I remember being numb emotionally and then after the epidural… Just being 80% numb all over. Holding my sweet baby was the greatest feeling. She is a big huge glowing tsunami of #BlackGirlMagic. I held her. He held her. He didn’t hug me. He didn’t smile at me. He didn’t kiss me. He came and sat on the visitor’s sofa, told me he couldn’t stay the night because he was tired and he was going home.
I stayed awake 72hrs – OUT OF FEAR AND BEFUDDLEMENT. I WAS SCARED AND I NEED LOVE AND SUPPORT, BUT I WAS ALONE. I WAS ALONE WITH MY BABY.
The first three days of her life. I did not sleep. The 2008 Olympics were on and I watched all of it. 3 days.

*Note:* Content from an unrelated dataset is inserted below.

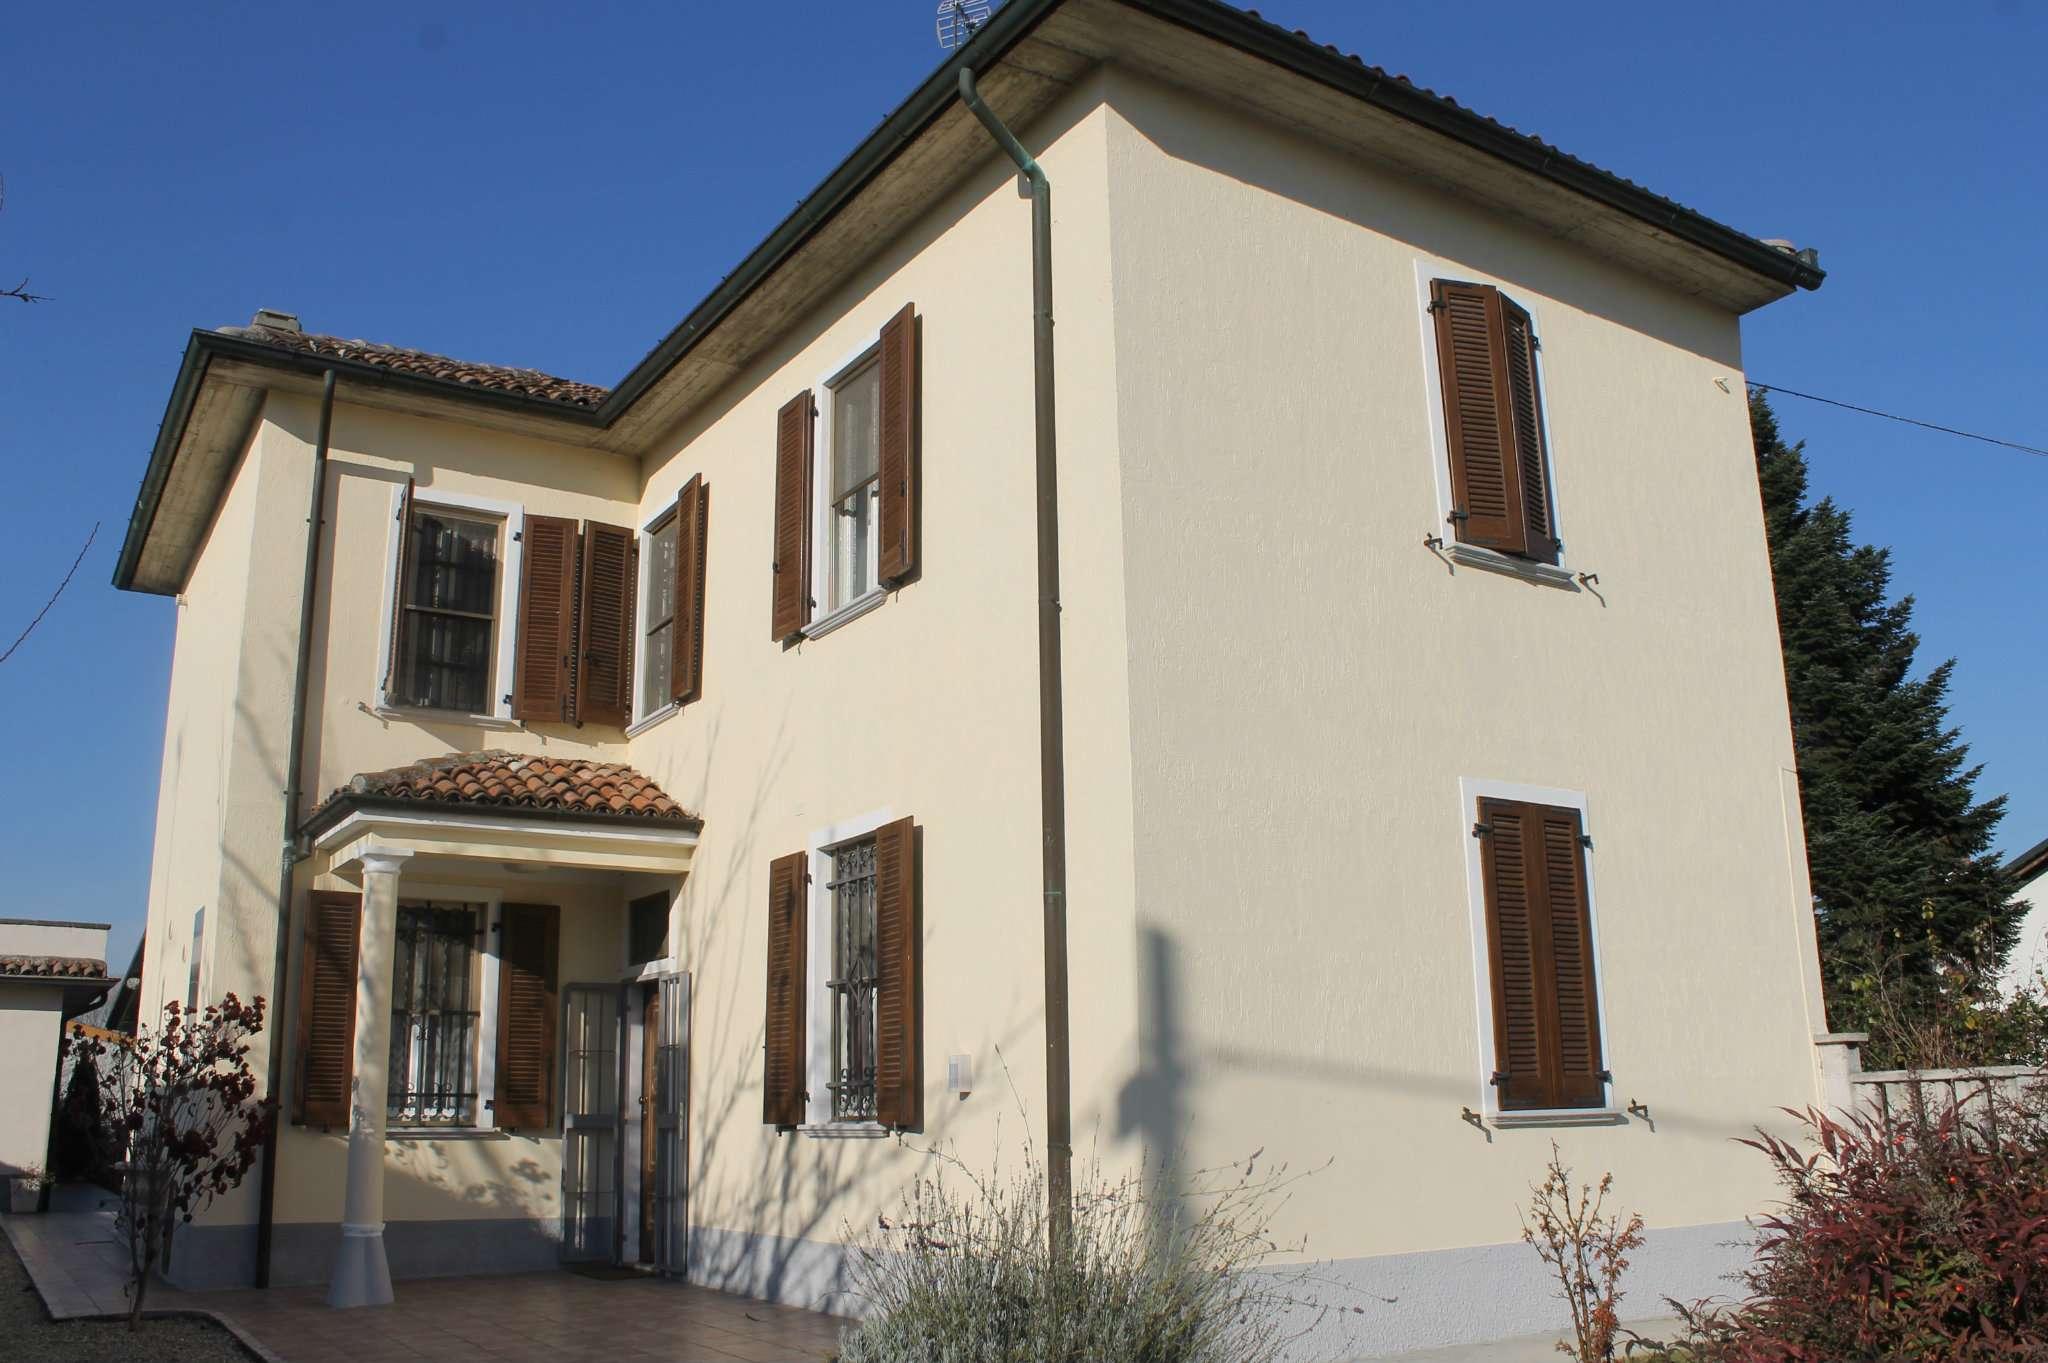 Villa in vendita a Dorno, 5 locali, prezzo € 195.000 | CambioCasa.it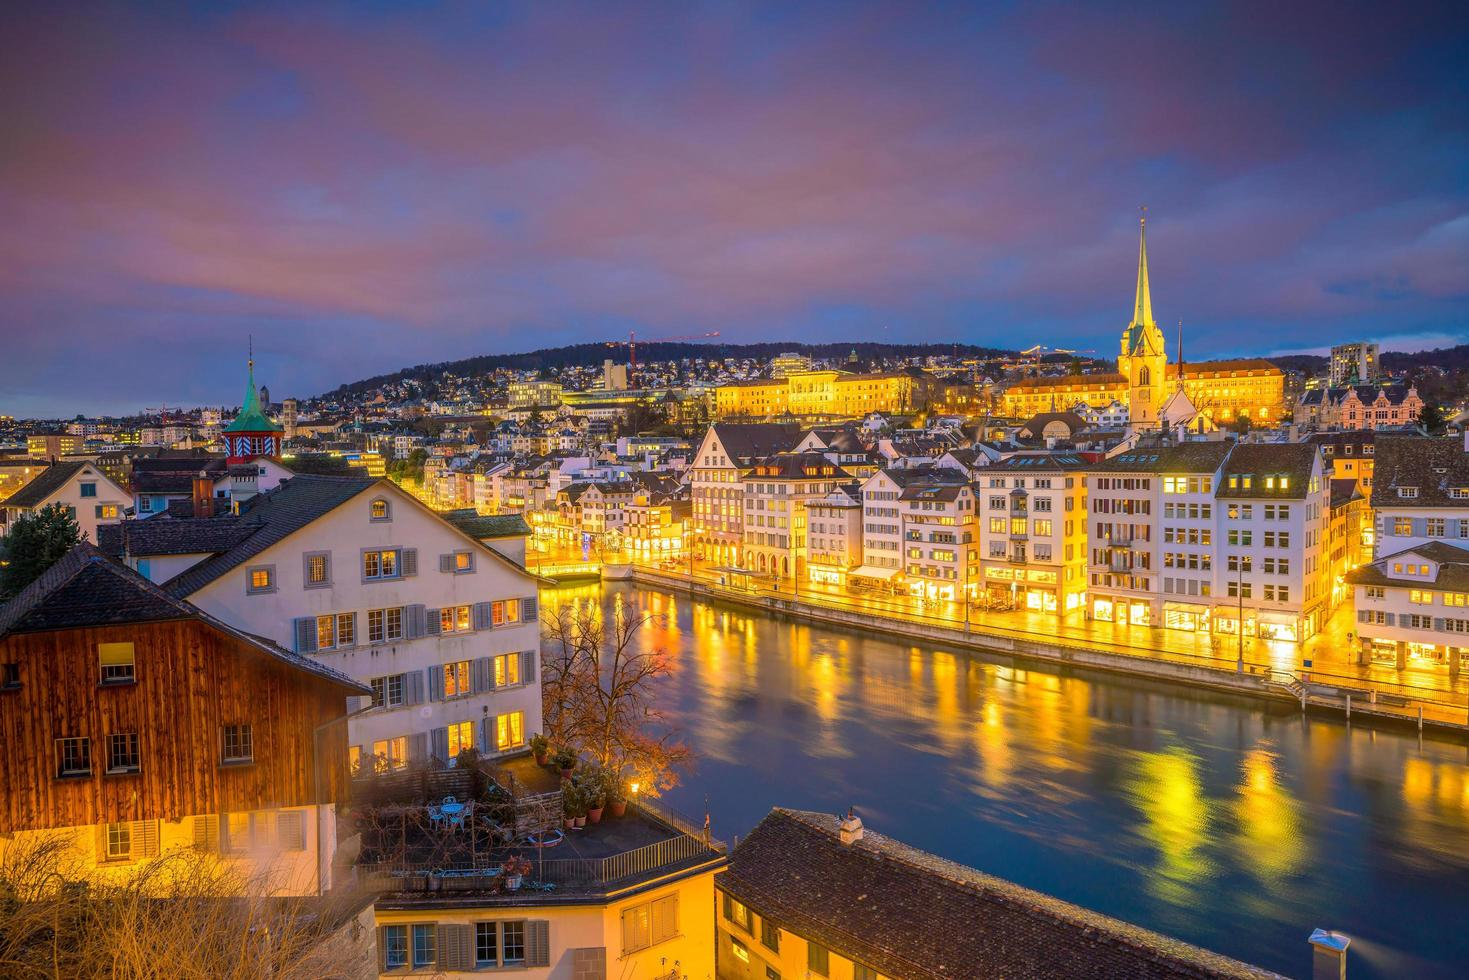 stadsgezicht van het centrum van Zürich in Zwitserland foto

I was so petrified and scared of being a new parent that my body went into “flight or fight” mode. On day 3, the doctor came to me and noticed I had taken no pain meds. I was up for 3 days, no pain meds, I hadn’t used the bathroom, I was awake but still she noticed something was wrong.
Please do NOT send me home. Please. I am not ready to go. I will move around I promise. Just let me stay 2 more days.
She leaned over and said to me “I know you have a husband, but I can see you are alone. He is not going to help you. We will check your insurance to see if you can stay.”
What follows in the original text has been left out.